As i sat there, I couldn't help but note the stark contrast between what he was saying and what I kept hearing in Austin. Life isn't getting any easier because we have fifteen ways to connect and share with people we vaguely know. Western society is, on the whole, more depressed than ever. Yet we focus so much on the advancement of technology while our humanity problems continue to loom large. Technology isn't the answer to everything. The answer is in how we live our lives. How we love. How we treat other people. If anything can teach us how to do those things better, we should embrace it. And I guess whether you believe in a god or not is largely irrelevant, isn't it?


*I can call him Alain now because we've met** in person.
** it was thrilling.

1.06.2012

it won't write itself

Photo: Vogue Italia

In order to call yourself a writer, you have to write. A lot. And I do, but mostly as a copywriter for method and various freelance clients. That means the majority of my work revolves around finding the cleverest way to describe laundry detergent or a new web app. I thoroughly enjoy my job, but it often leaves me with very little to give to my own creative endeavors. At least this is the excuse I use for why i'm not further along on the book I started writing over two years ago.

Which brings me to The Things I Tell Myself, not only the dreary theme of my internal monologue, but the title of the book I continue to stress out about, yet not complete. Part of the problem is that I'm what some might call lazy. I dilly-dally. I get distracted. I drink wine. But if I'm honest with myself, and you, my real hang-up is the fear that it's going to suck. I dilly-dally because if I put fingers to keyboard and what comes out is an utter disappointment, then I am an utter disappointment. Talk about cutting yourself some slack.

Last year M printed out a copy of my outline and made it into a makeshift book to inspire me. It currently sits on a tiny writing desk at the top of our stairs, mocking me every morning in my flurry to get out the door and on every trip to the bathroom in the middle of the night. It's a constant reminder of what I could be doing if I were a different kind of person.
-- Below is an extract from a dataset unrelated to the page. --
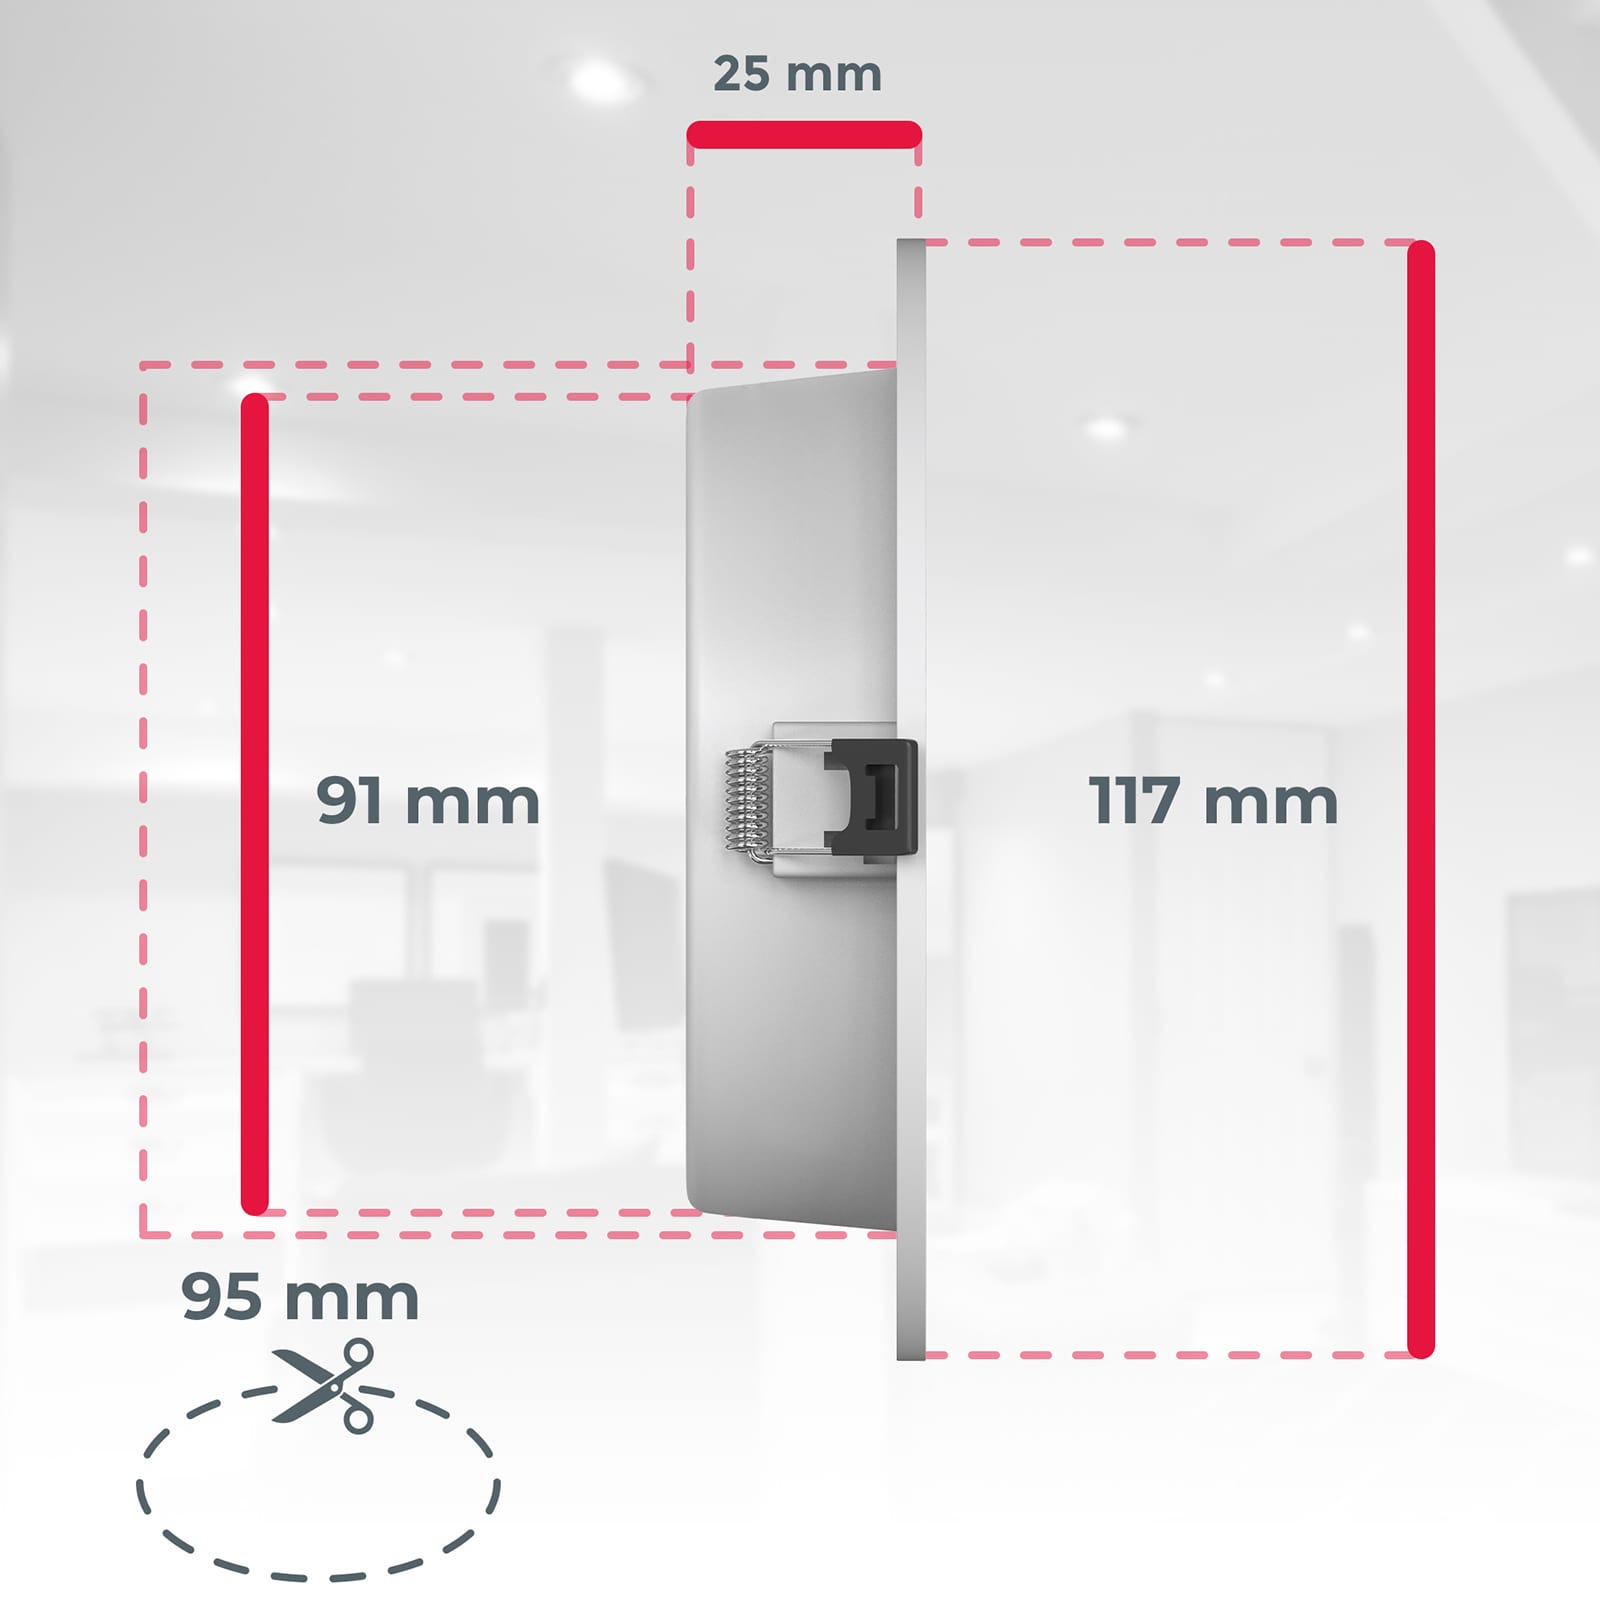 LED Einbaustrahler Bad 117mm - 6er SET - Einbauleuchten IP44 spritzwassergeschützt ultra-flach 25mm 230V 6W 510lm warmweißes Licht Badezimmer Küche | Weiß - 7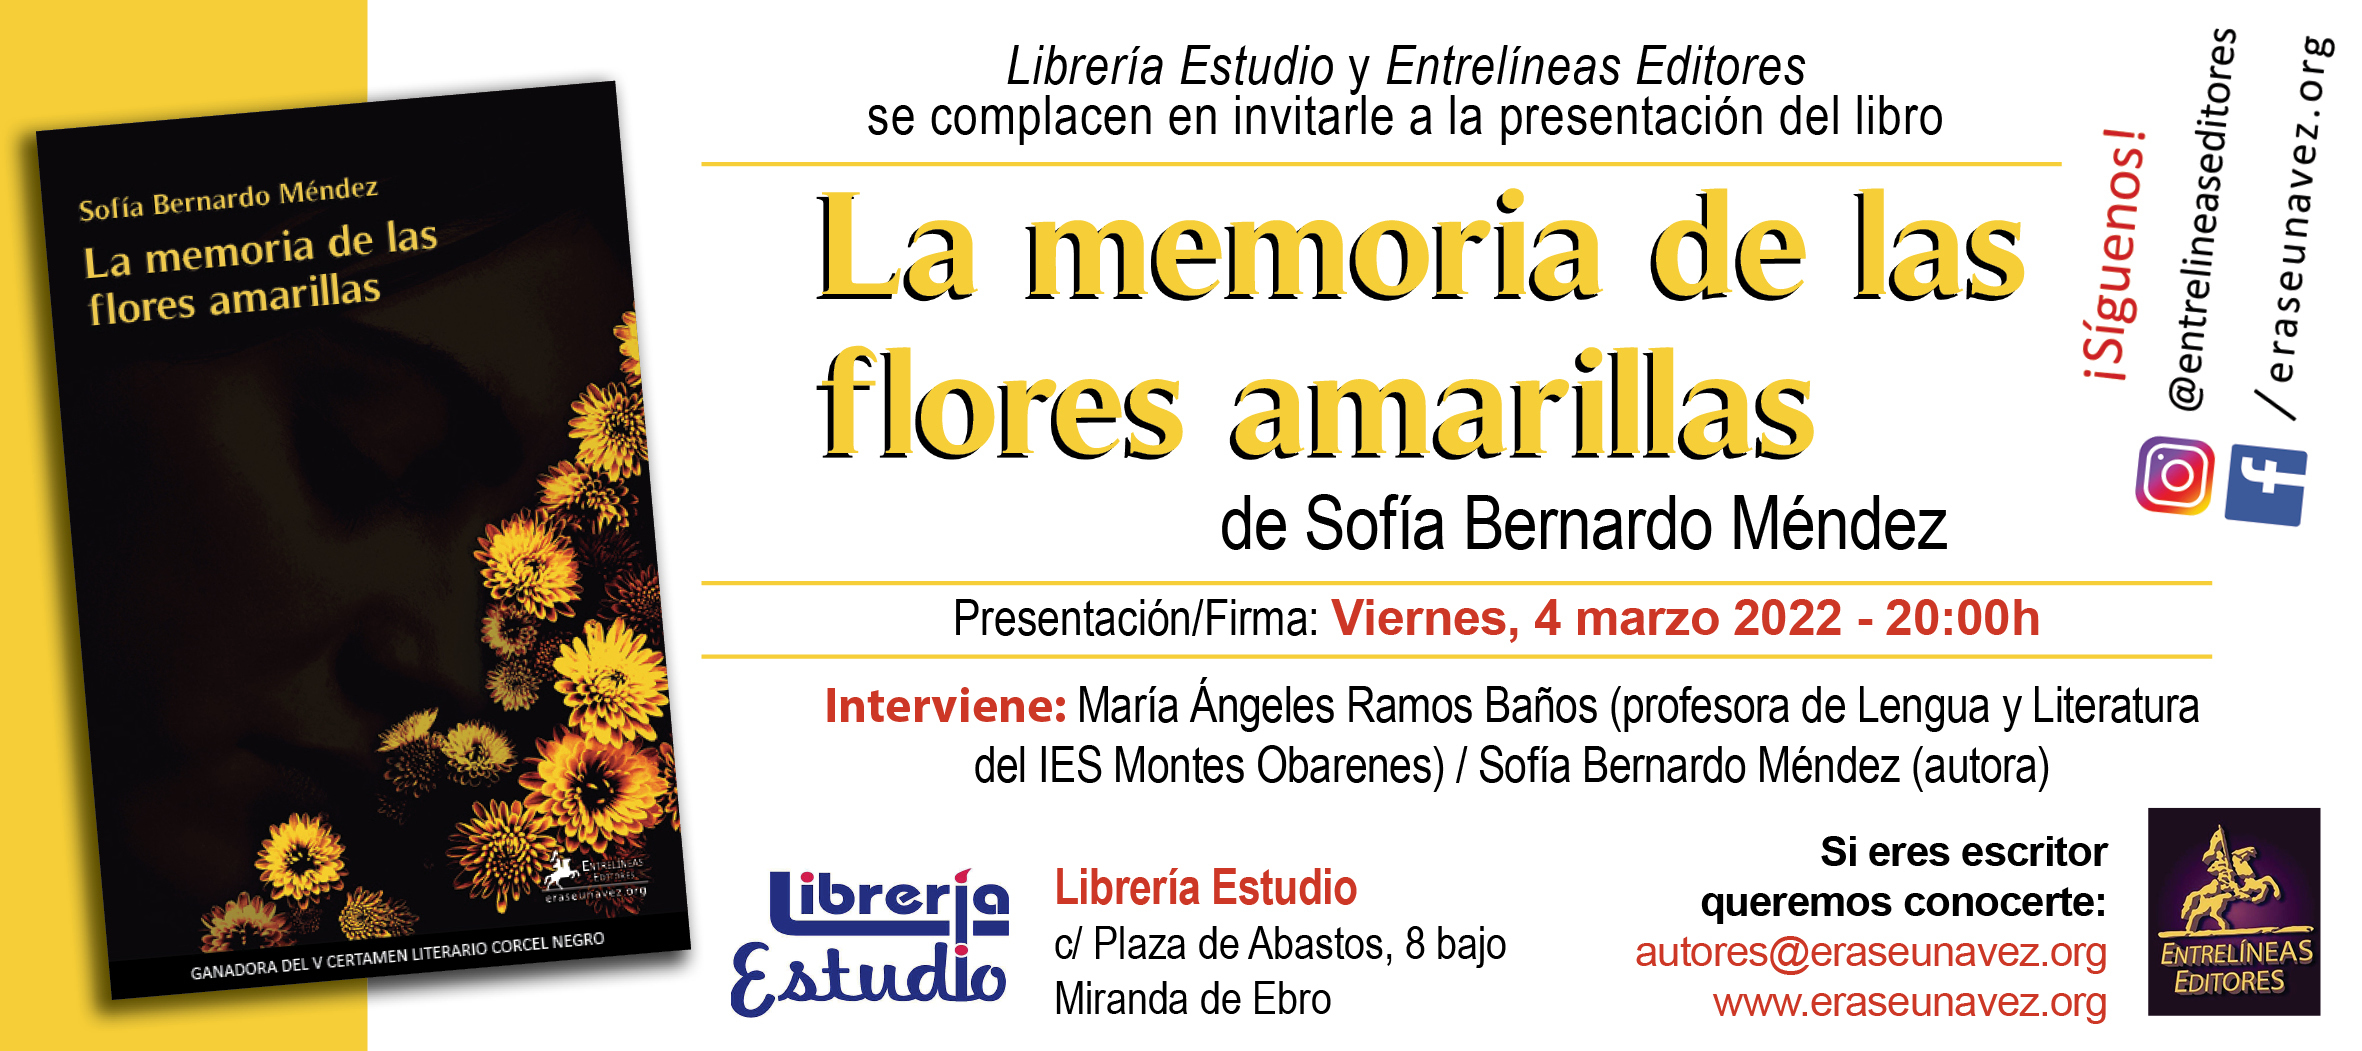 2022-03-04_memoria_de_las_flores_amarillas_-_invitacion

The kind of person who finishes things she starts, even if the finished product isn't perfect.

I was recently editing an article that one of our founders wrote about starting method and he began it by saying that he had no exceptional talents other than "unbridled motivation." It's not often you hear someone admit such a thing. It made me realize that this is the difference between those who succeed and those who write blog posts about their hopes for success. I'd rather be the former, but what if i can never summon the drive it takes? I guess we'll have to wait and see. 

My use of the word "wait" here probably doesn't bode well.